#### Required action:
Verbatim output of the lines below is required, with the images omitted.

#### Information supplied:
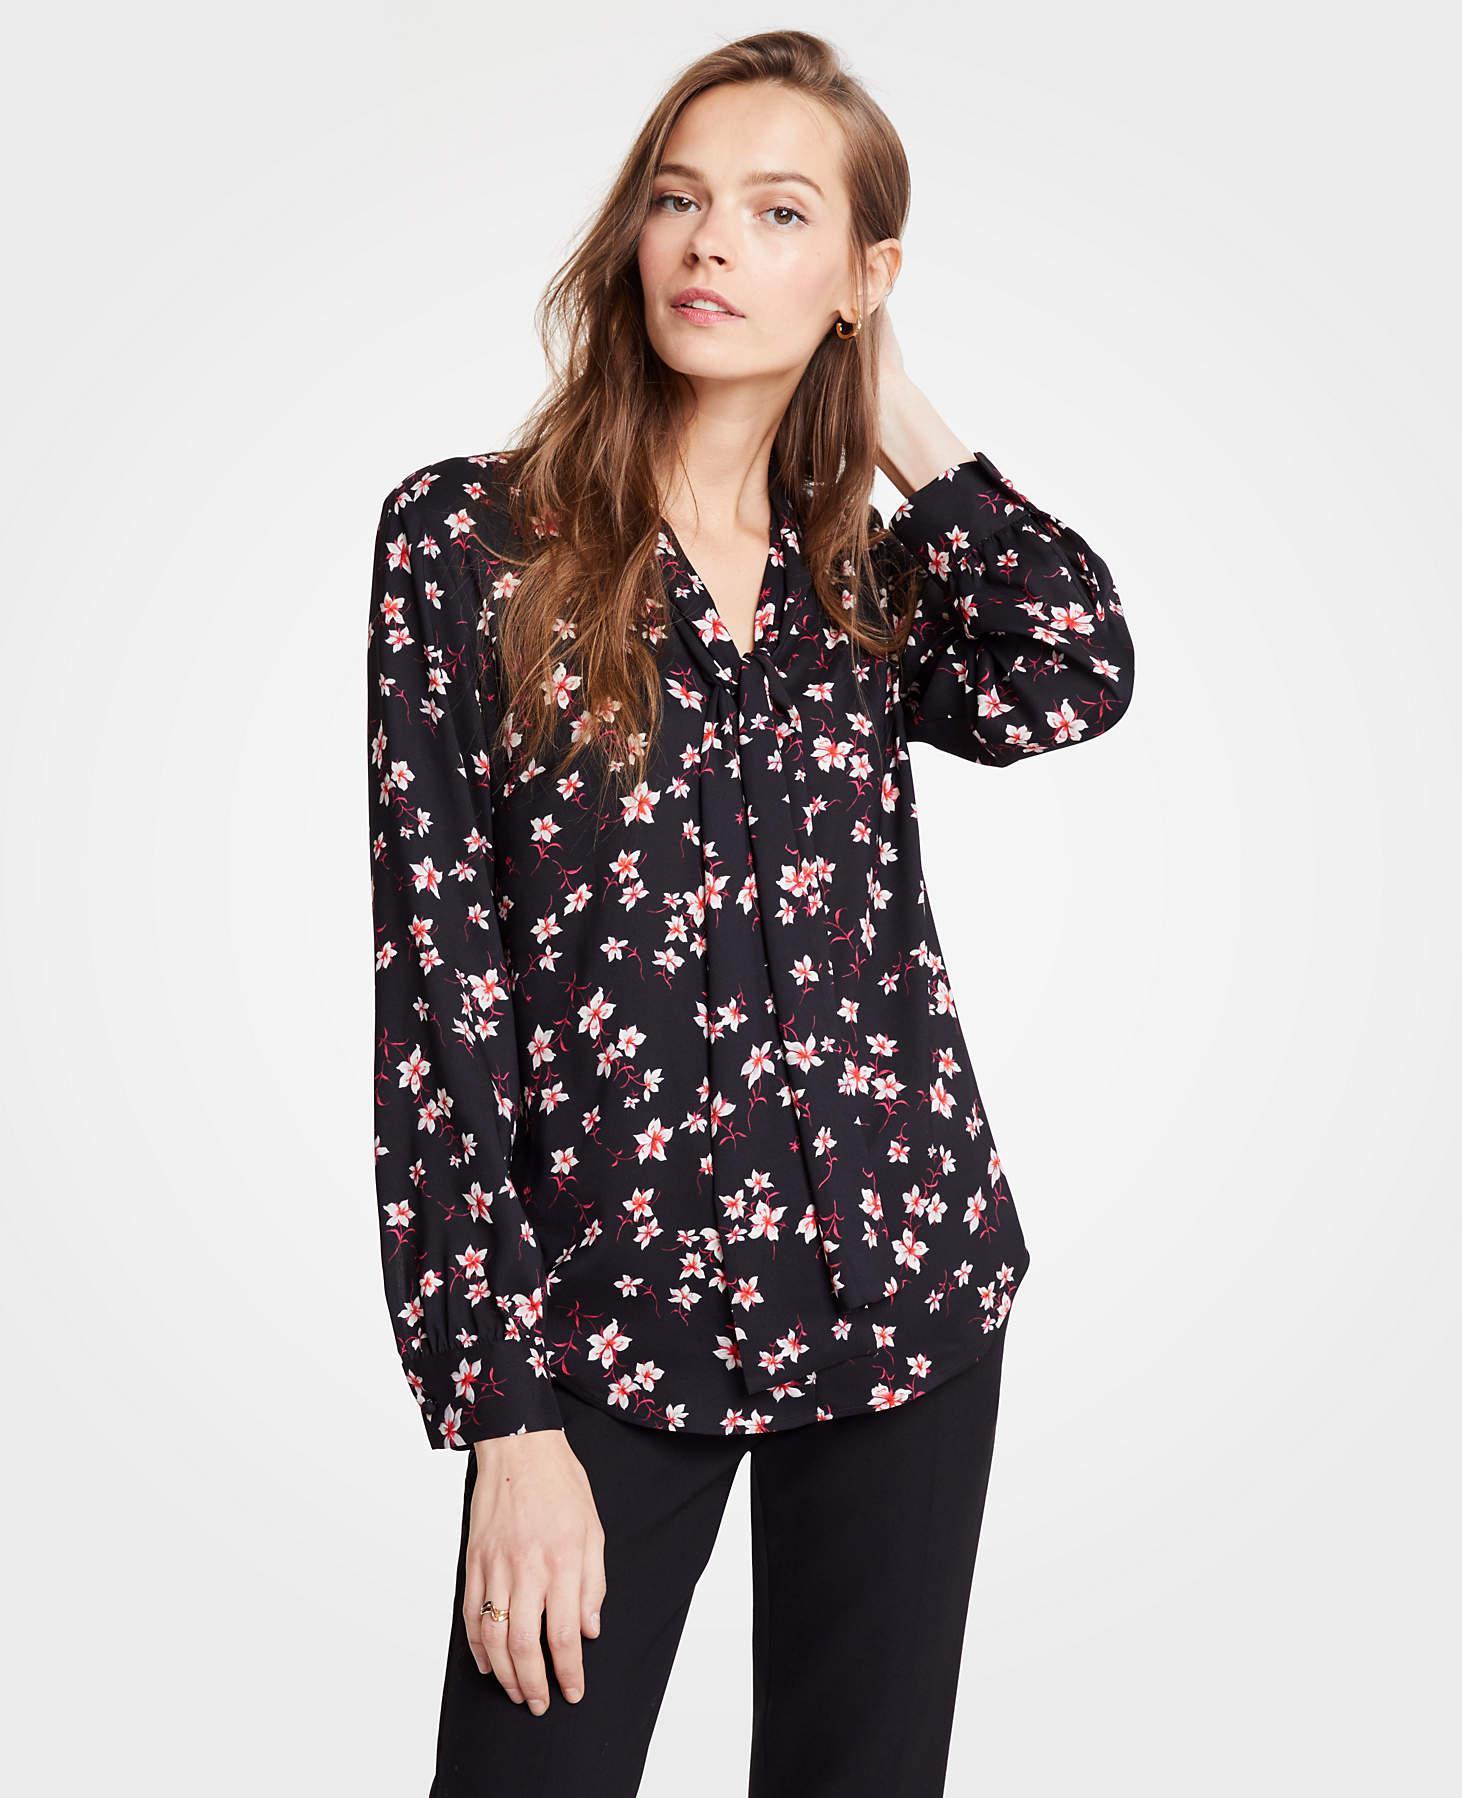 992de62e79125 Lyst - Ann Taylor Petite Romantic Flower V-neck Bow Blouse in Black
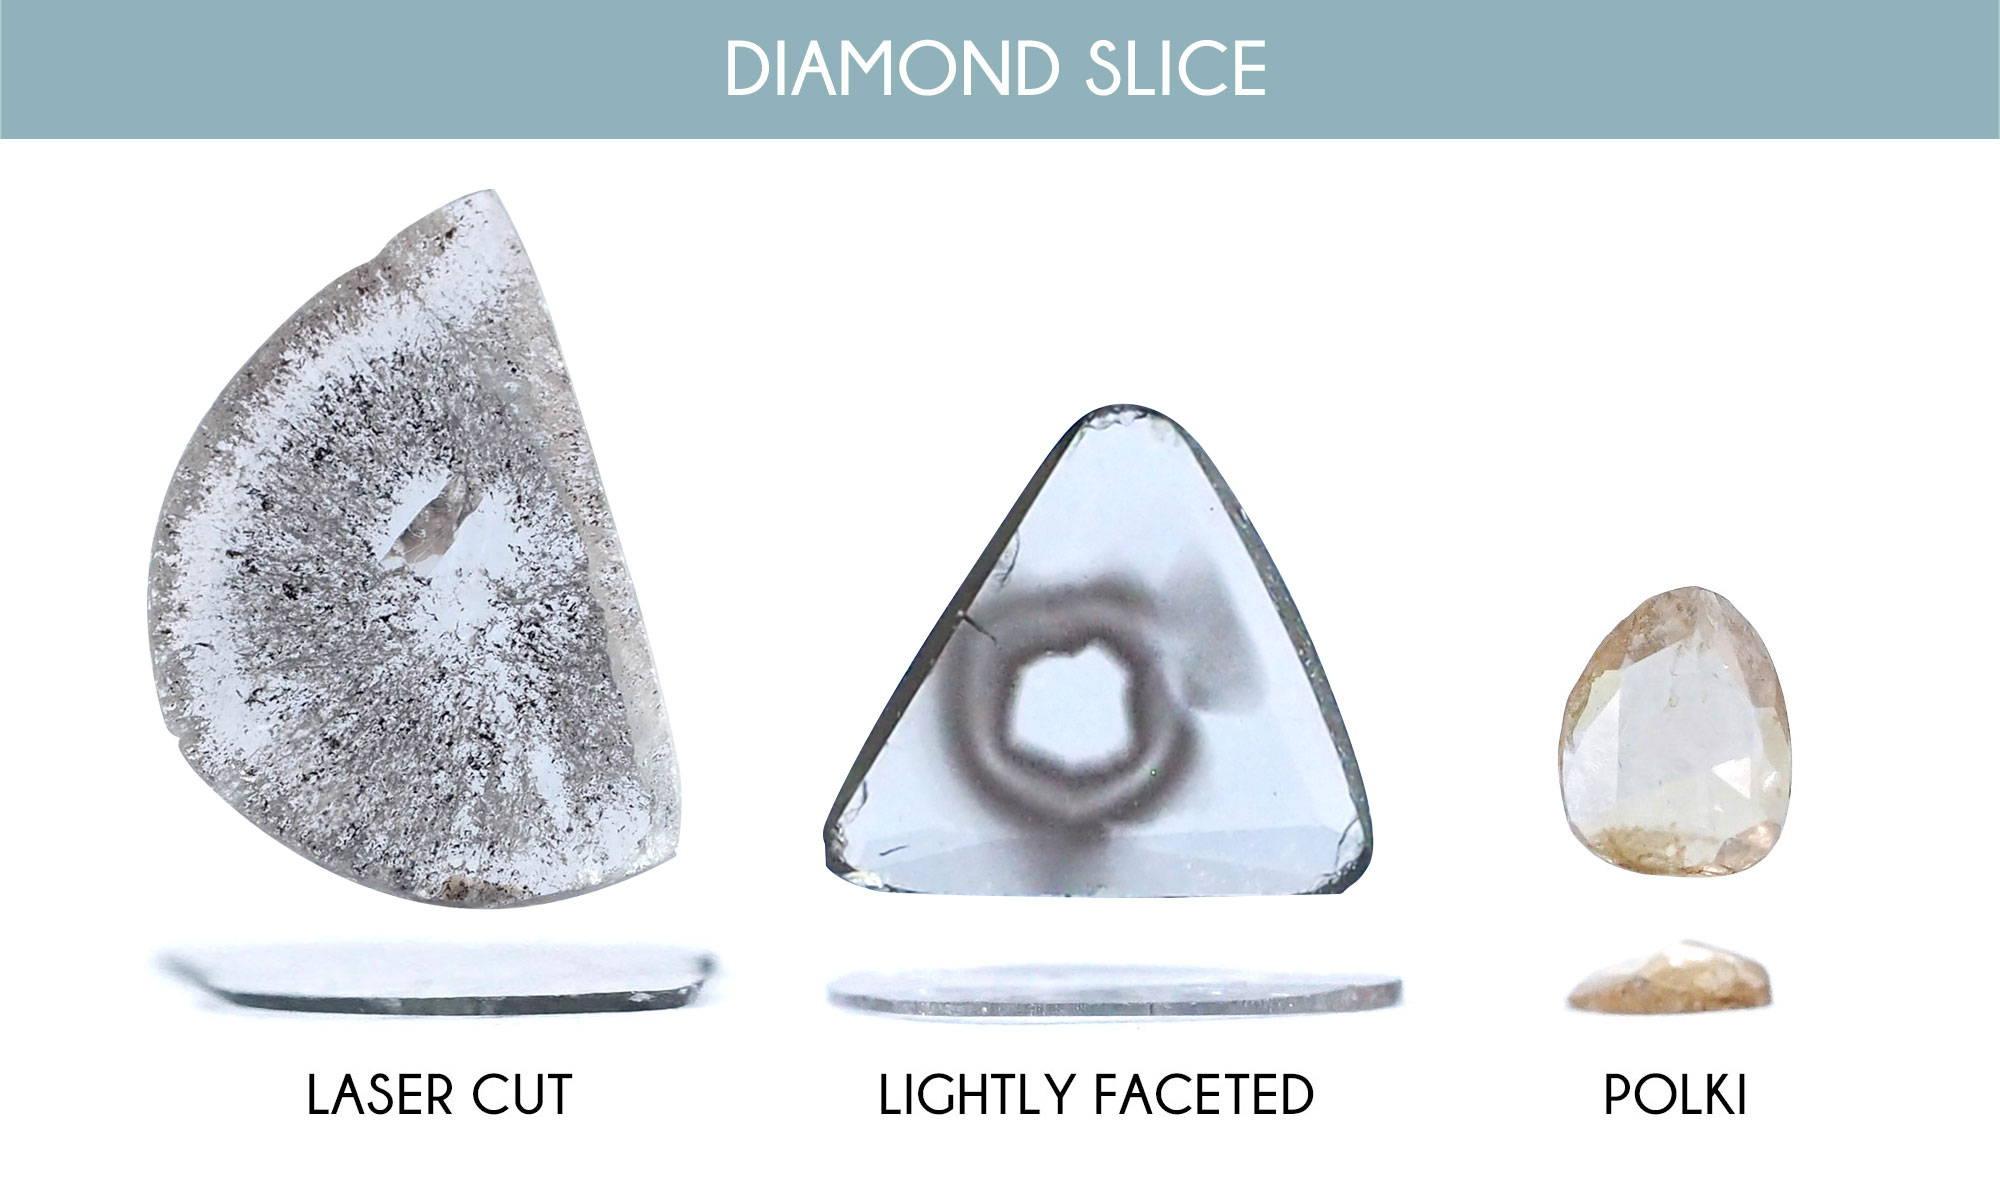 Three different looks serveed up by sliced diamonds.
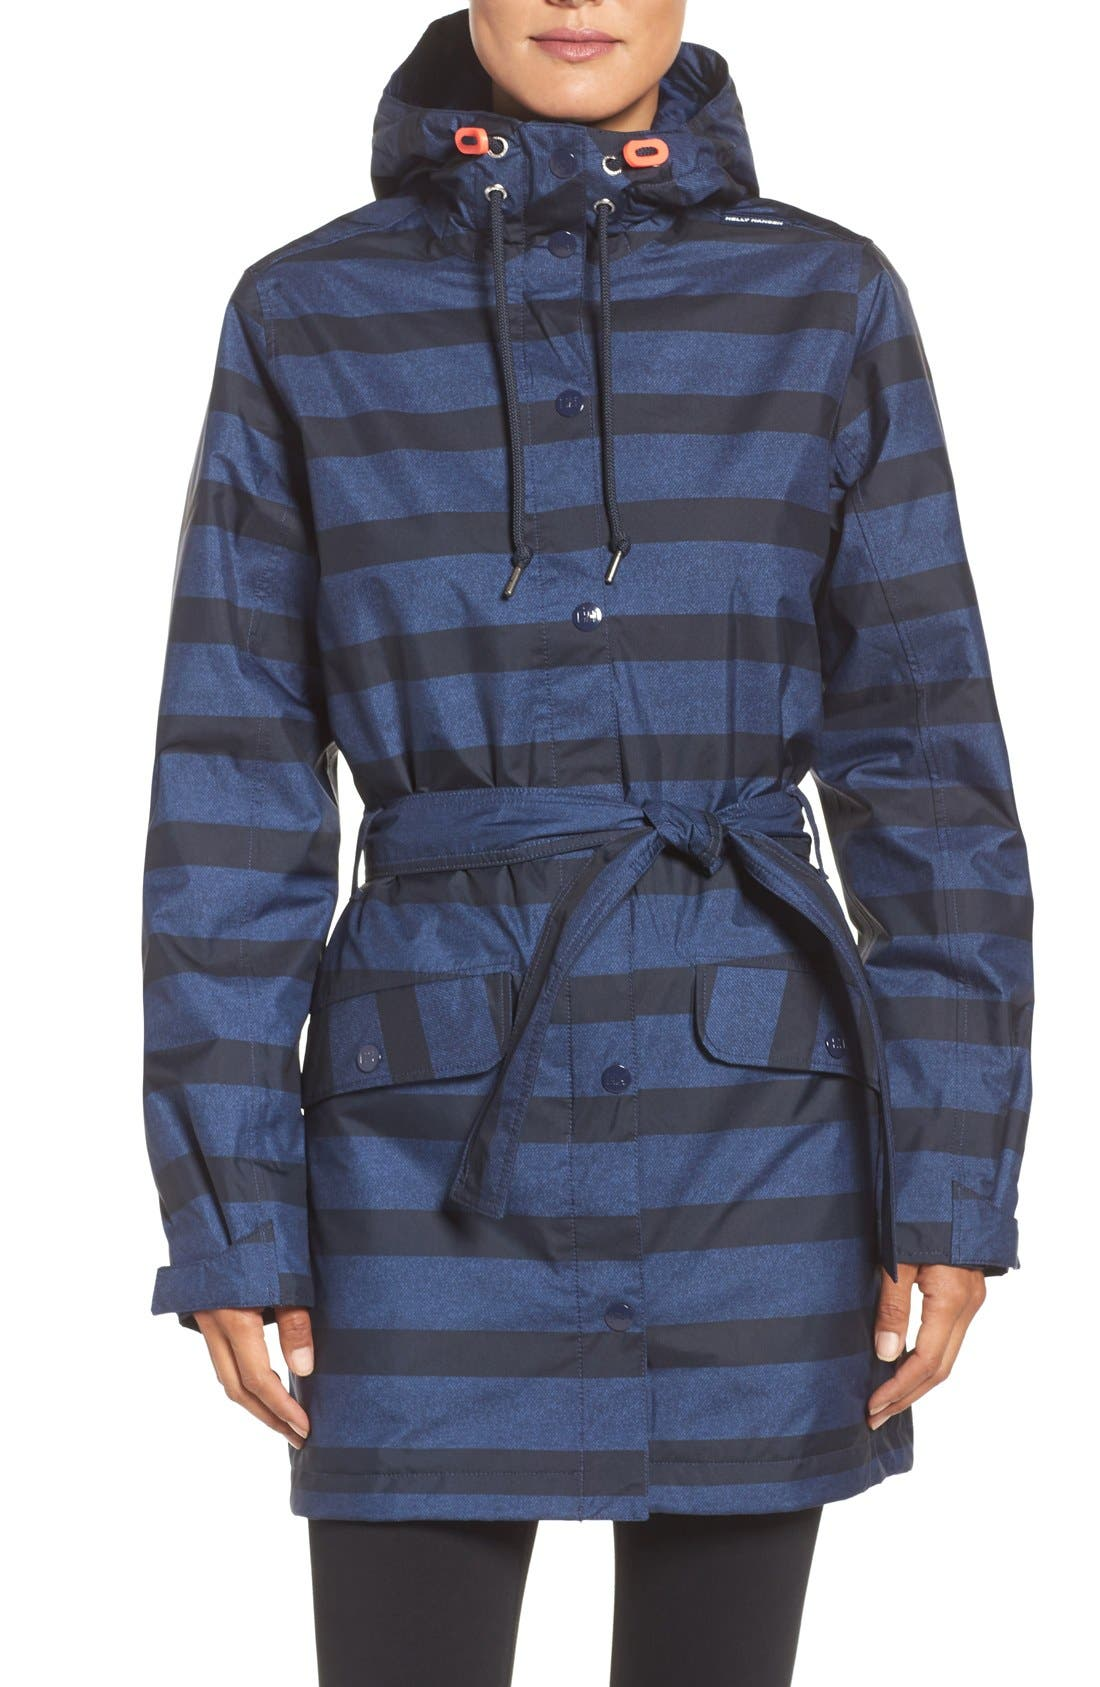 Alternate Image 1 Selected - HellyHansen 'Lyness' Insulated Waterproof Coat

#### Worked solution:
 992de62e79125 Lyst - Ann Taylor Petite Romantic Flower V-neck Bow Blouse in Black
 Three different looks serveed up by sliced diamonds.
 Alternate Image 1 Selected - HellyHansen 'Lyness' Insulated Waterproof Coat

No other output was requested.